Indira, India and Emergency

However, by the time Indira Gandhi came to power, these values of democracy, of tolerance and of thoughtful action had already started withering from the arena of India’s polity. Transformed into a battleground for power struggle, the chief objective became to acquire power and thwart the rival interests in favour of one’s own. Indira Gandhi, not known too much for her intellect as for her family background, turned out to be the quintessential politician that one would have expected once Indian democracy started to mature and show its true colours. Having acquired a following and legitimacy by promoting her personality cult after the 1969 split of the Congress into two rival parties, it became imperative for her to silence her critics, either by hook or by crook.

It is in this regard that the emergency of 1975 should be seen. Far from the considered pragmatism of the country’s founding fathers, the Emergency is a case study in intolerance to criticism and blatant disregard for the principles enshrined in the Indian constitution. The press was censored, opposition members jailed, free speech and freedom of expression revoked and the judiciary just made a compliant cog in the wheel of the state’s vehicle of things.

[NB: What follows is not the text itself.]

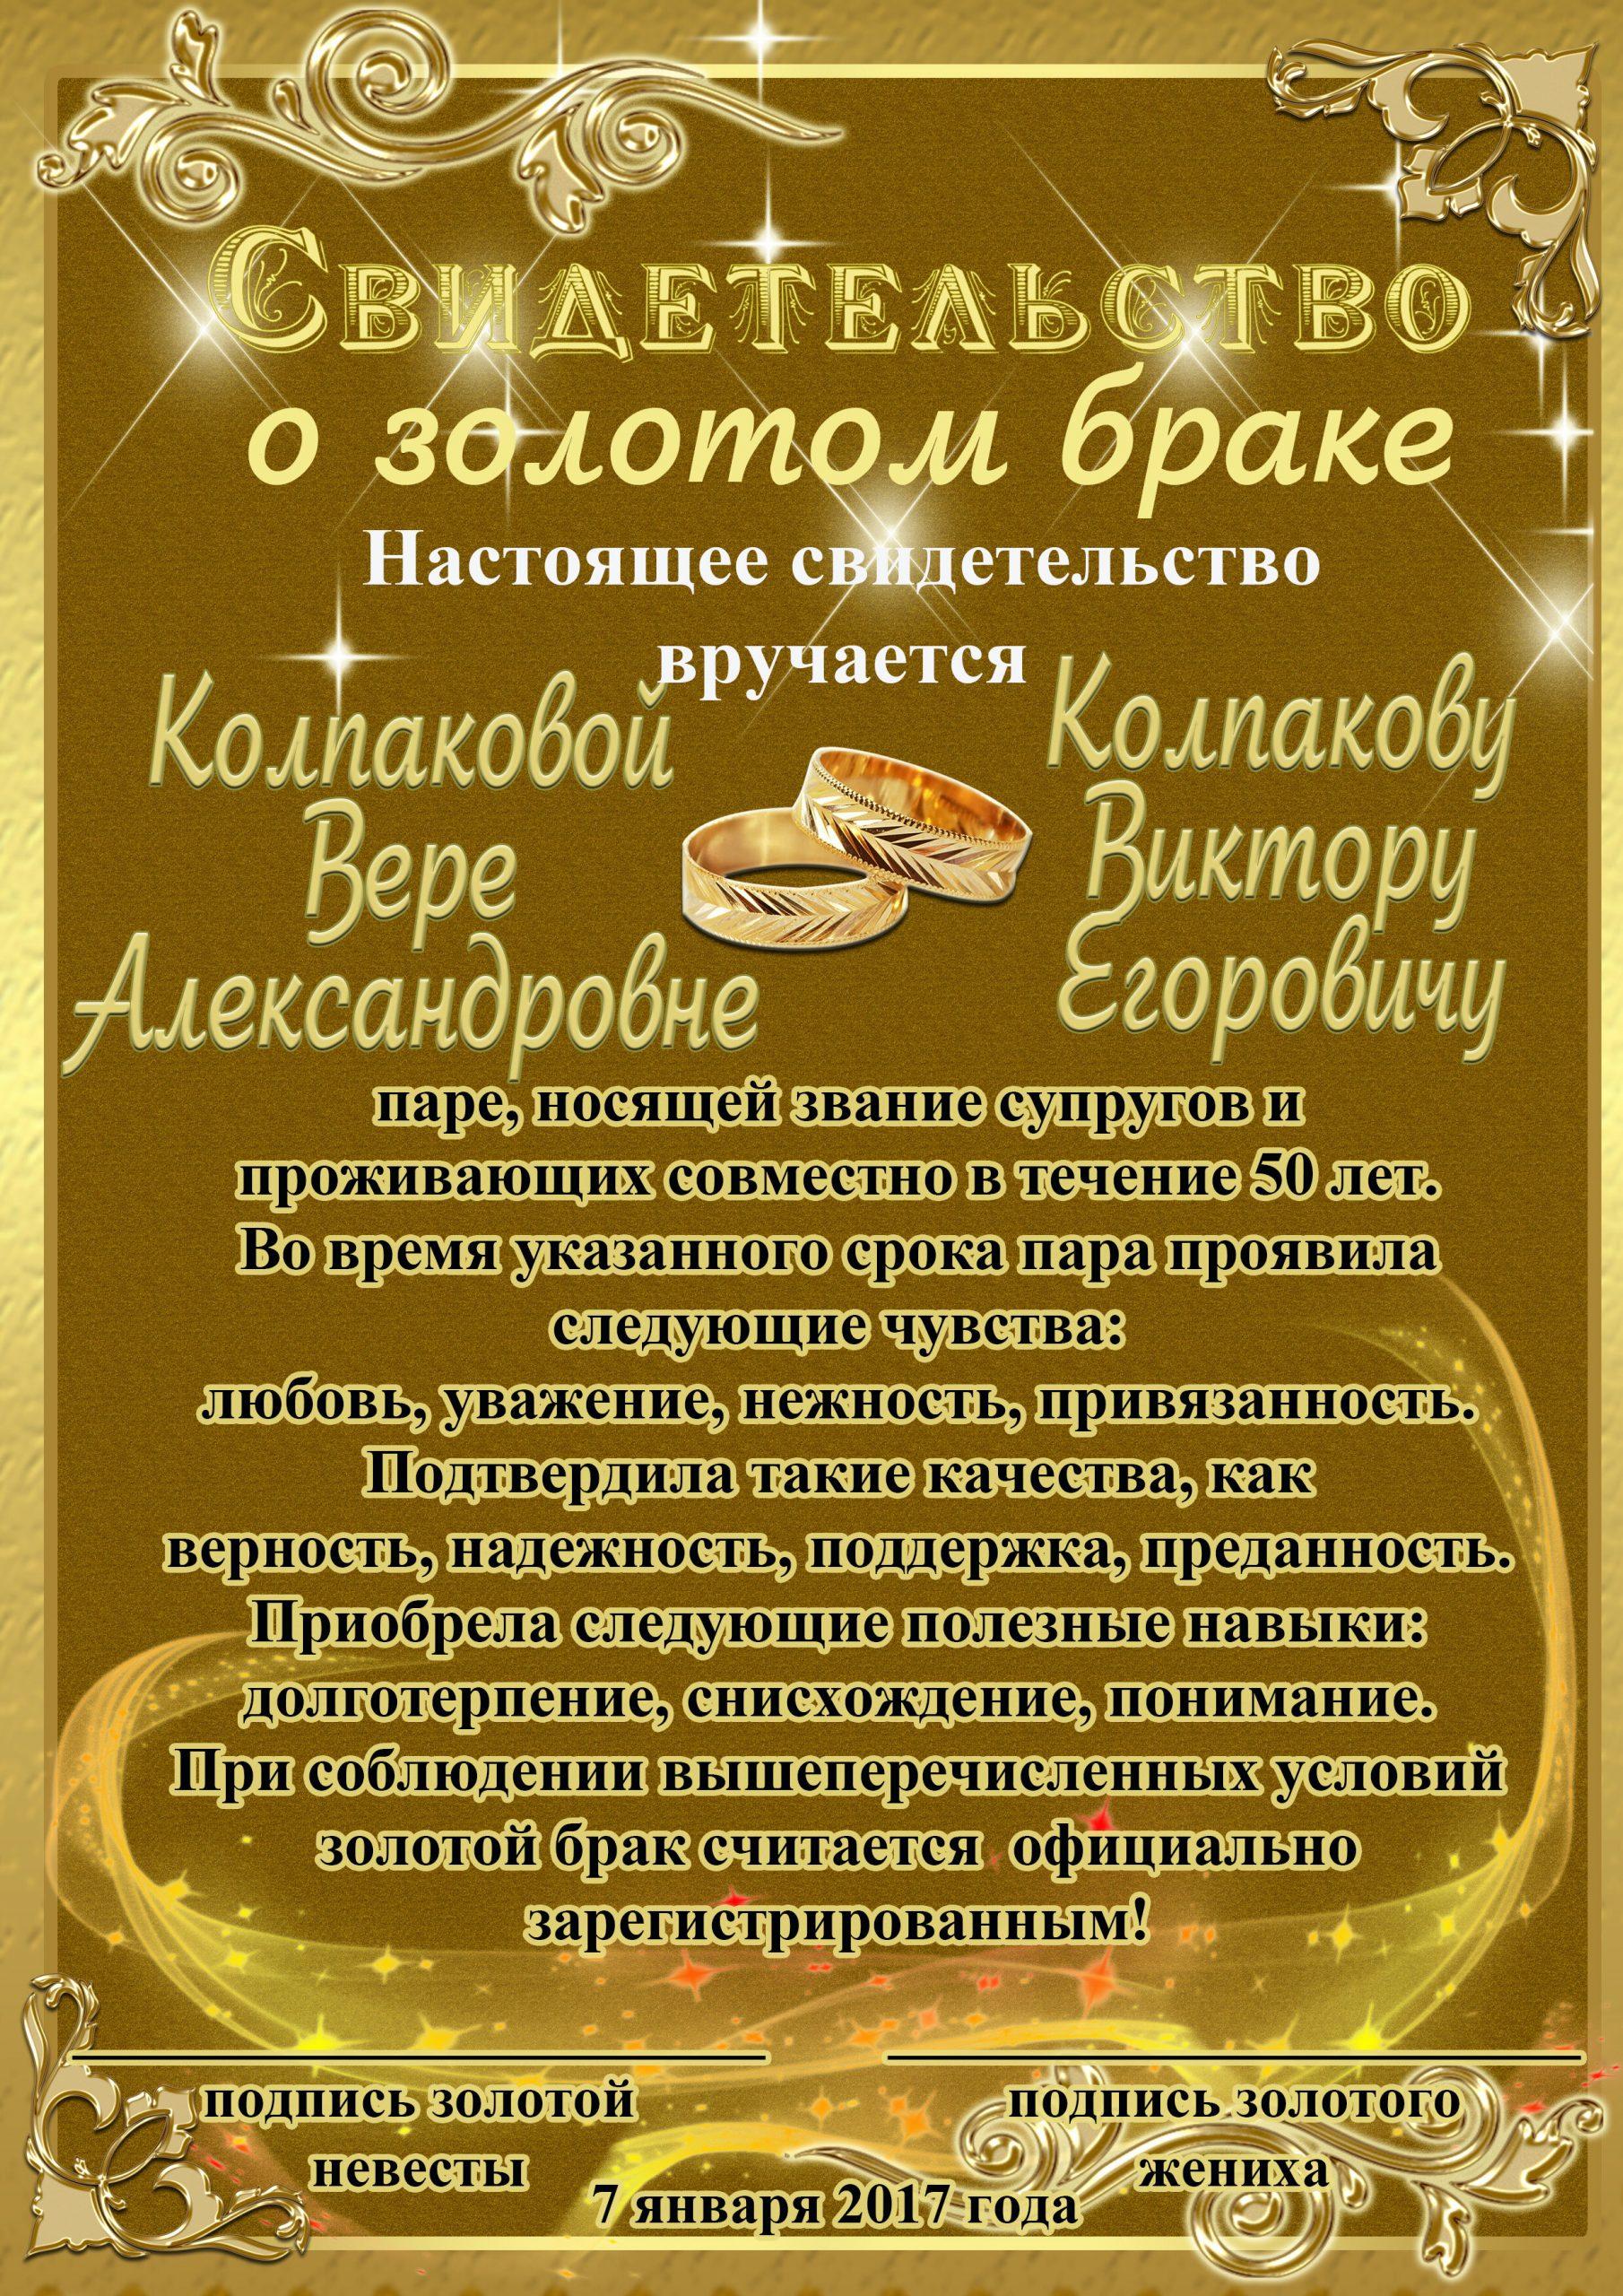 Печать грамот и дипломов для золотой свадьбы в Москве   фото 2

Could things have been any different without the Emergency? One cannot say. However, with the benefit of hindsight, one can safely conclude that the deterioration in the belief of rights to freedom of expression, which gathered pace after Nehru’s death, was accelerated with the catalyst of the Emergency and even without it, would have continued to grow, albeit at a slower pace.

In our Times

Thus, it is with a certain sense of deja vu that one analyzes the events of the past year. The cheap trick through which Salman Rushdie was not allowed to attend the Jaipur Literature Festival, apparently to soothe the hurt sentiments of a particular religious minority, the route of Baba Ramdev from the Ramlila Maiden during his fast against corruption and black money, the arrest of cartoonist Aseem Trivedi and Binayak Sen on charges of Sedition, the arrest of a professor of Jadavpur University for allegedly forwarding “insidious” mails against Chief Minister Mamata Banerjee, the censorship of the internet in reply to the North East exodus in the aftermath of Assam Riots and the latest, the arrest of a small time businessman for tweeting against the present Home Minister’s son.

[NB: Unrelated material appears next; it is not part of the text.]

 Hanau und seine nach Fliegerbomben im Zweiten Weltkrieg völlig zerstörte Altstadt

It seems that the modern Indian state is in a state of limbo. Confronted with the rapidly advancing means of communication and modes of dissemination of information, the present administration finds itself inept of taking action in a balanced manner like that of Sardar Patel and fearful of going whole hog in destroying the civil liberties enshrined in the constitution to assume complete control like Indira Gandhi. In this state of indecision, the blunders that the government commits, with regard to free speech and free expression, only weaken the base of the limited liberties we enjoy and thus paves the way or a bleaker future.